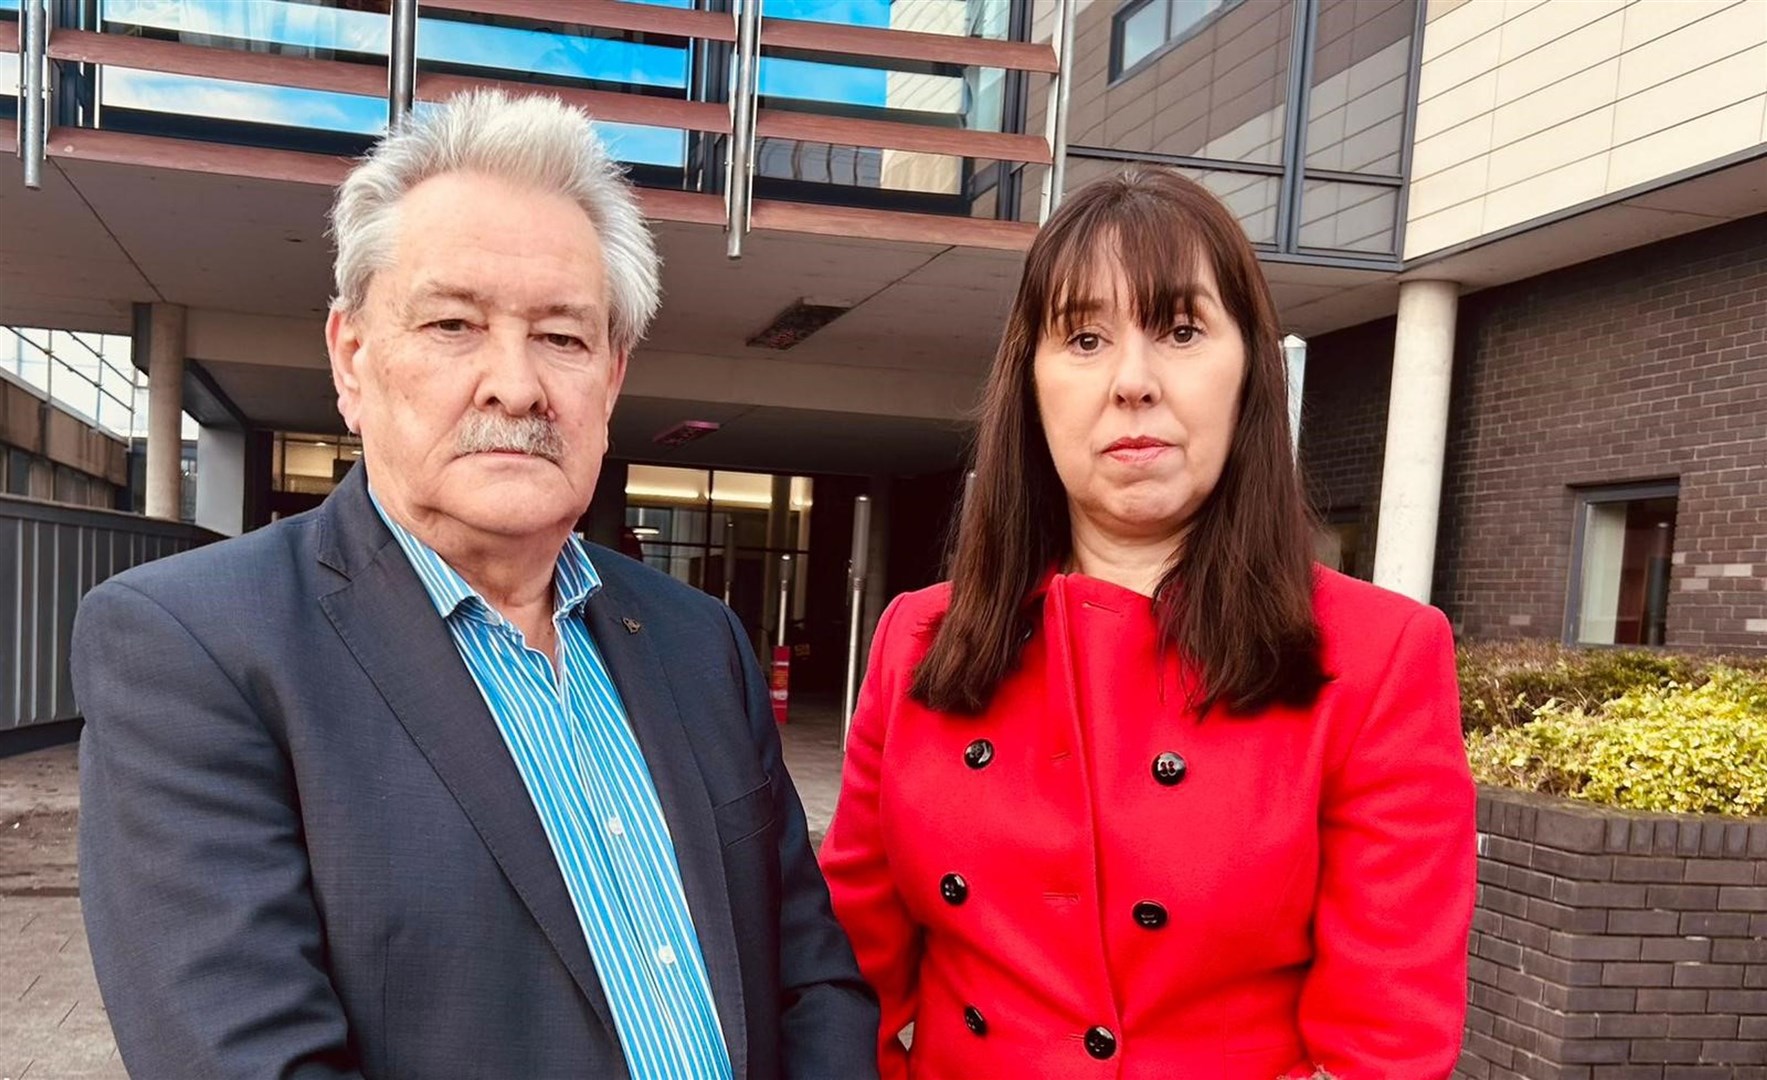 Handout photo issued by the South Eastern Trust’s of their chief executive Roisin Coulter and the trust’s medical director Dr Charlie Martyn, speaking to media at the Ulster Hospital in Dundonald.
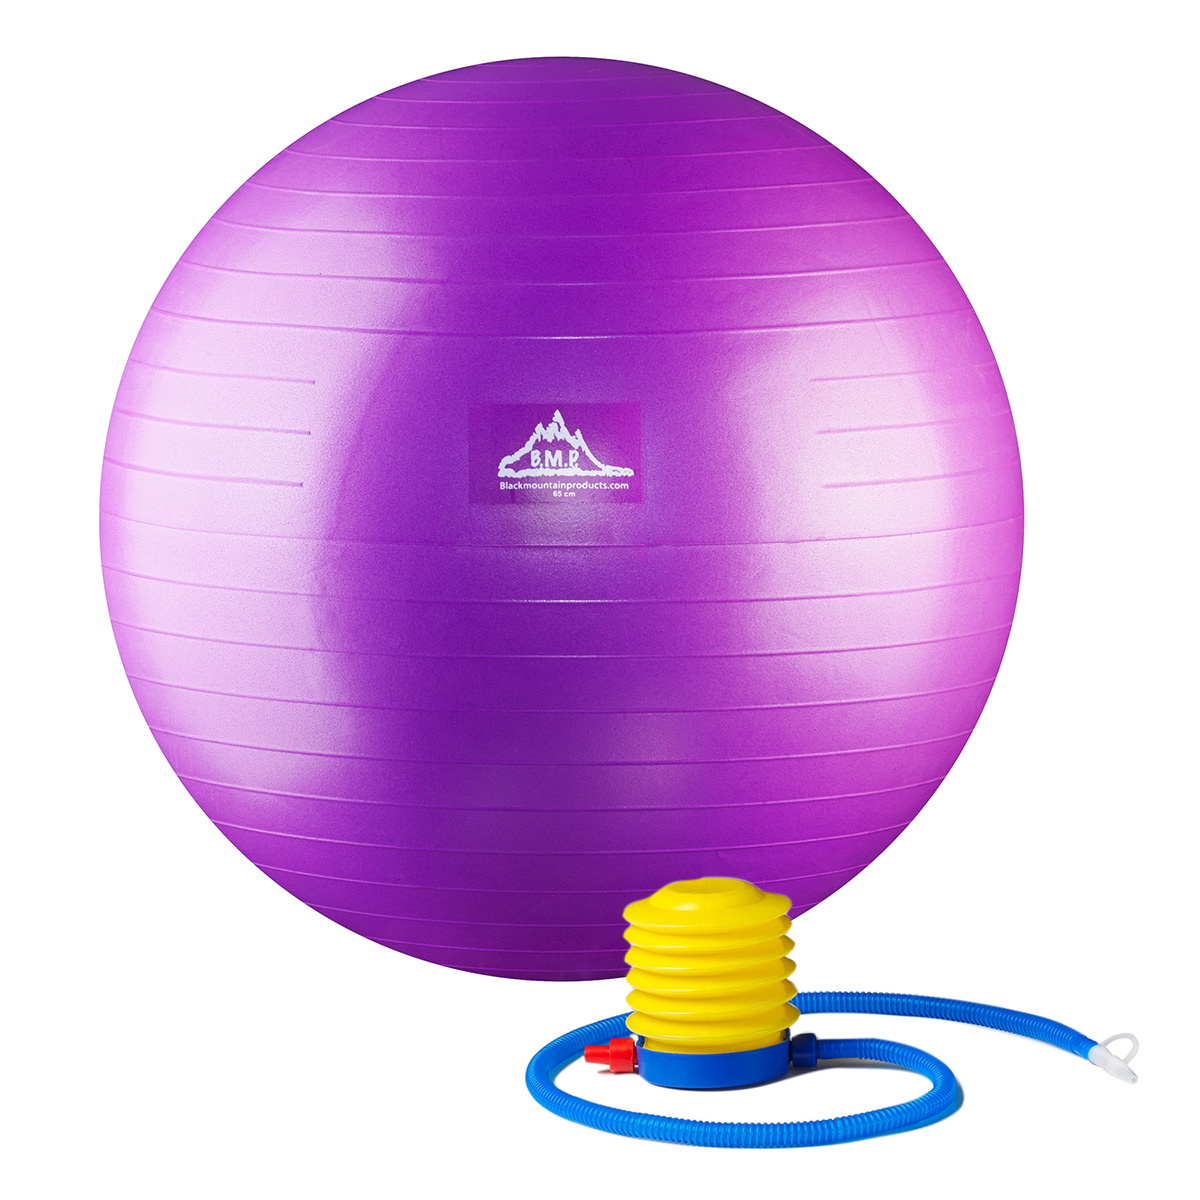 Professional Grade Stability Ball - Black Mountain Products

● ● ●

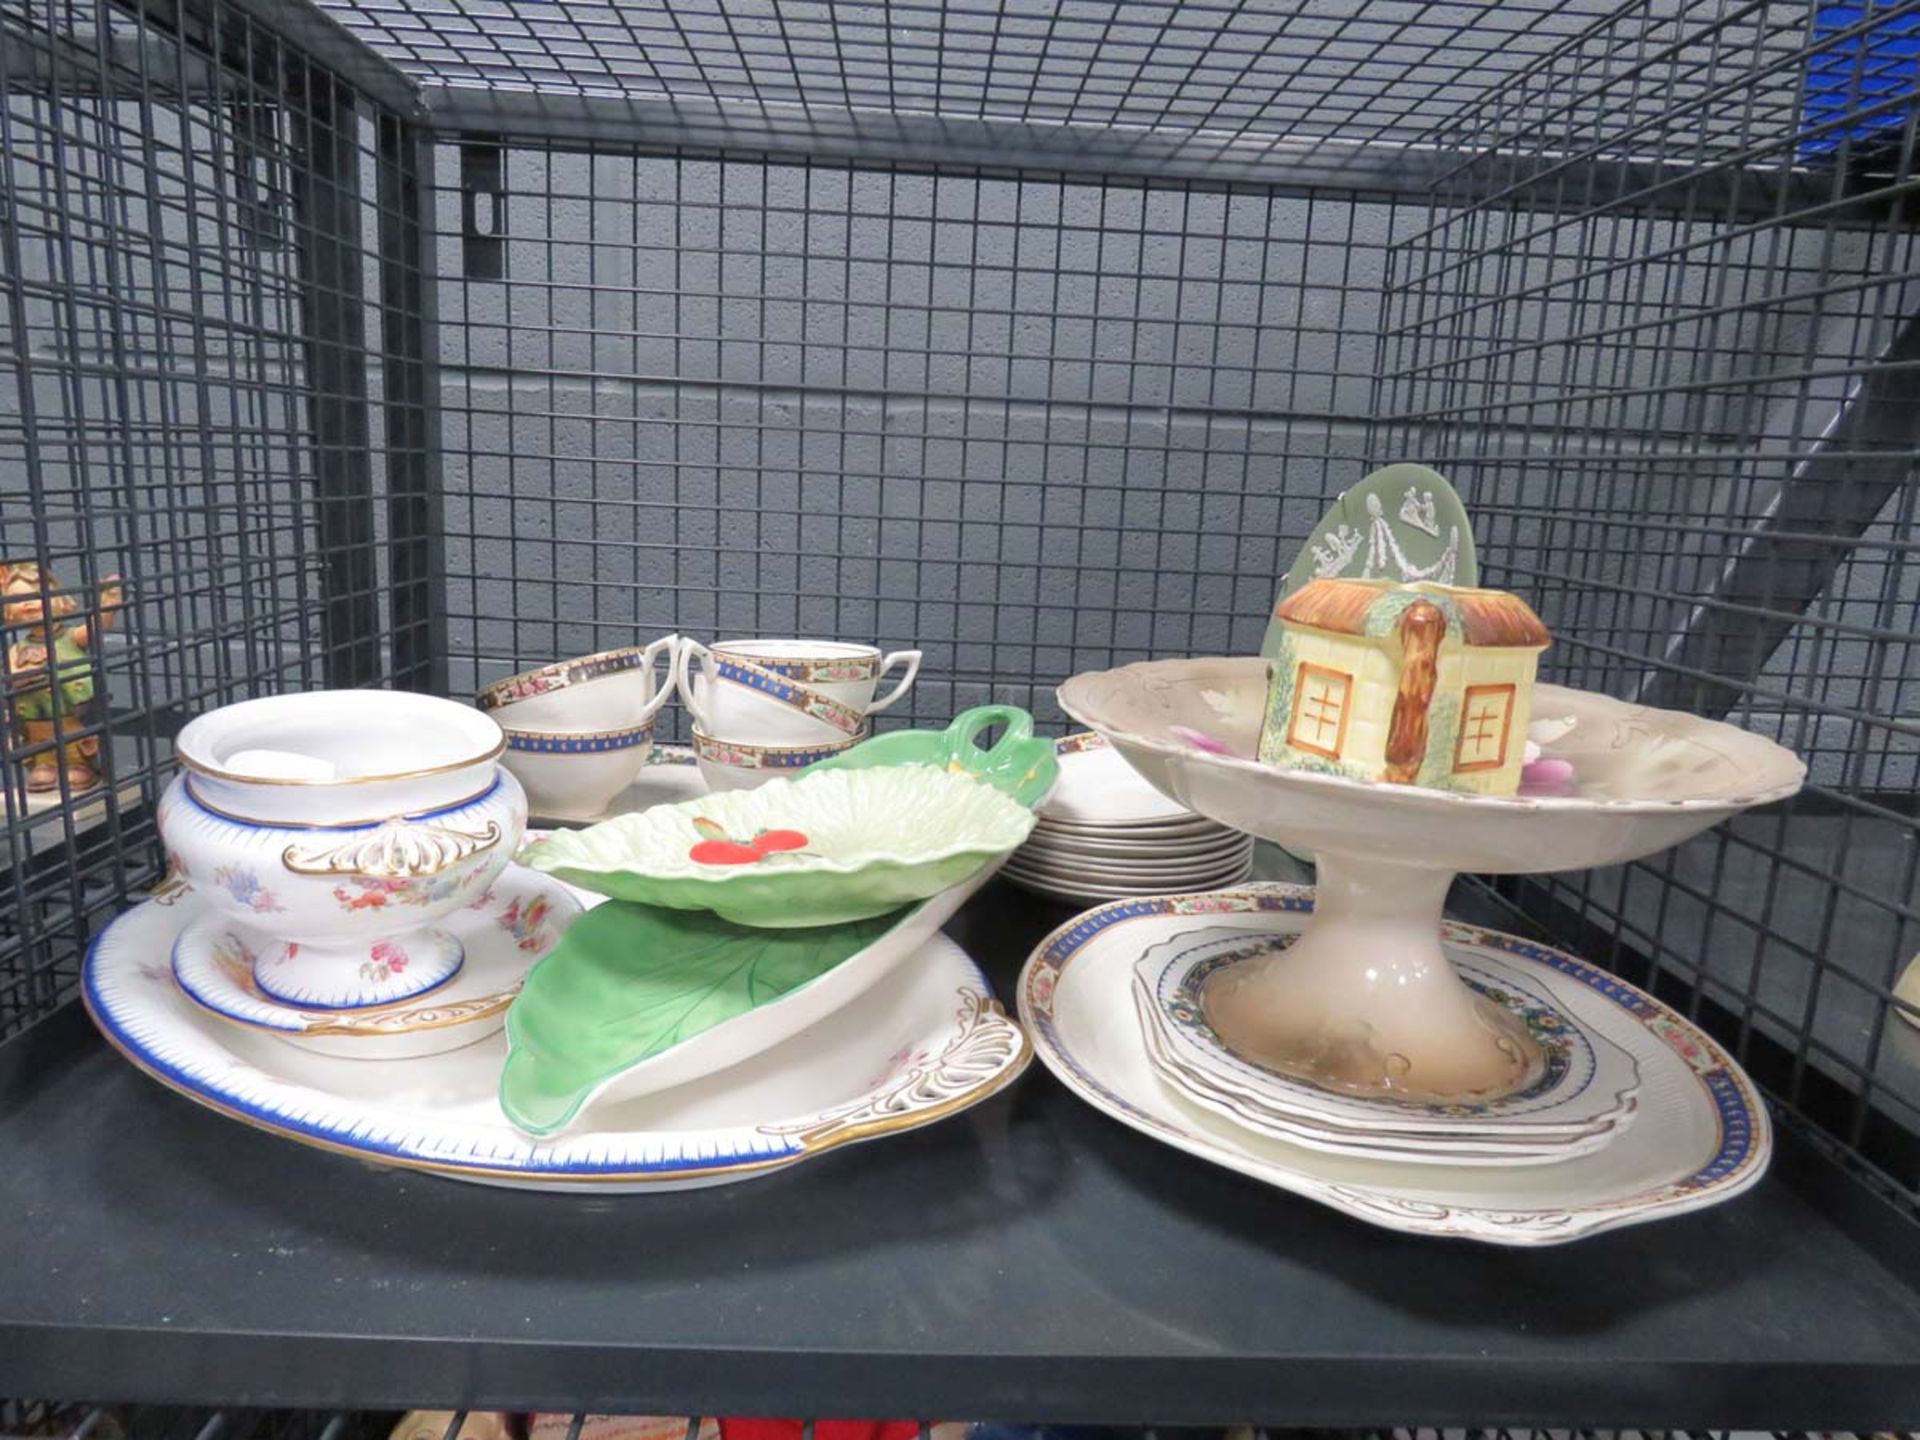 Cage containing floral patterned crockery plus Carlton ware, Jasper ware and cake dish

● ● ●

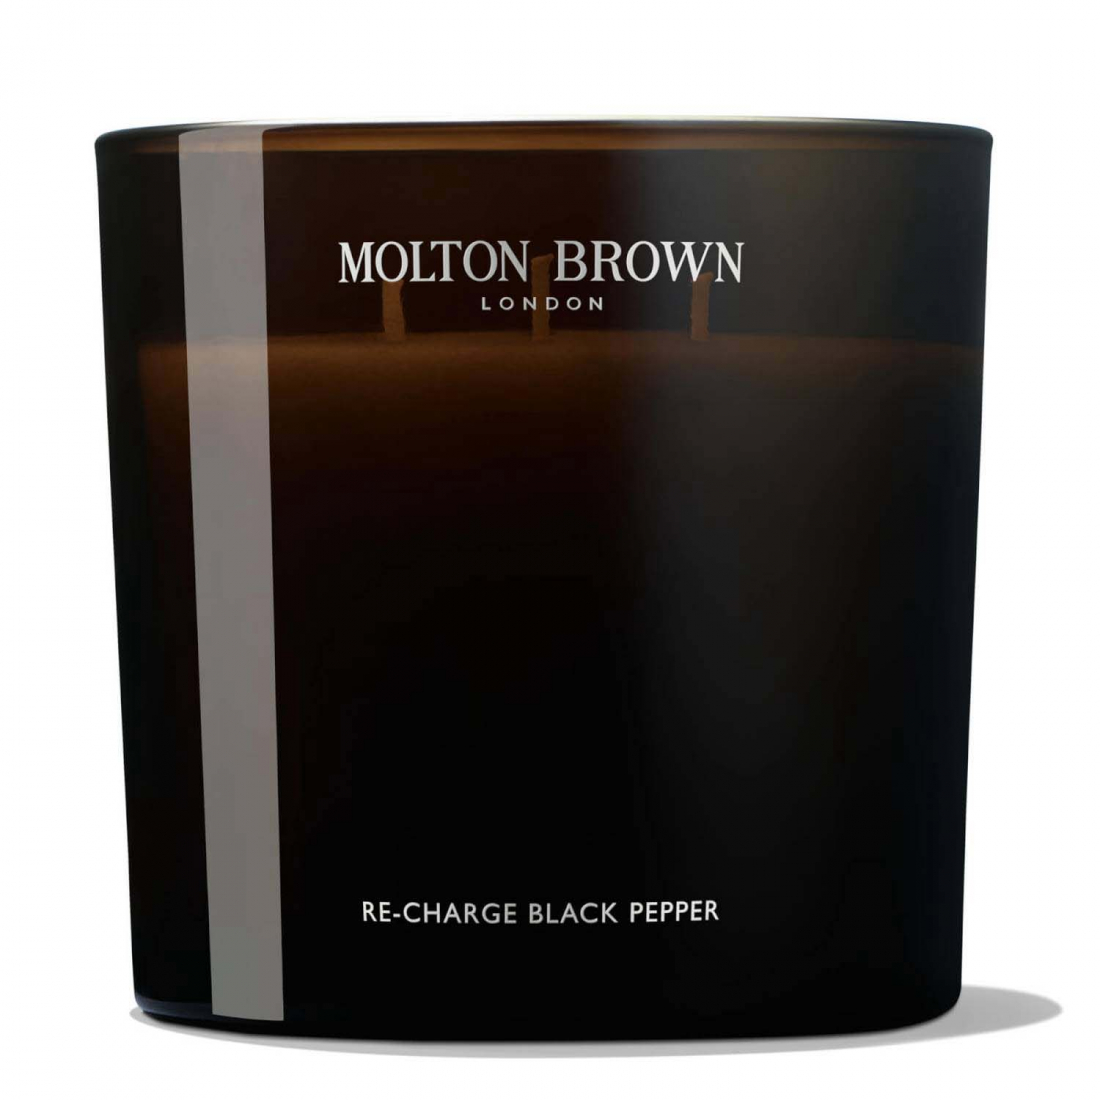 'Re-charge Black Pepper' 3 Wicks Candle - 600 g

● ● ●

Your objective. Return the lines above from the one with "Handout photo issued" through the one with "Professional Grade Stability", verbatim and nothing else. Omit every picture.

Response below.
 Handout photo issued by the South Eastern Trust’s of their chief executive Roisin Coulter and the trust’s medical director Dr Charlie Martyn, speaking to media at the Ulster Hospital in Dundonald.
 Professional Grade Stability Ball - Black Mountain Products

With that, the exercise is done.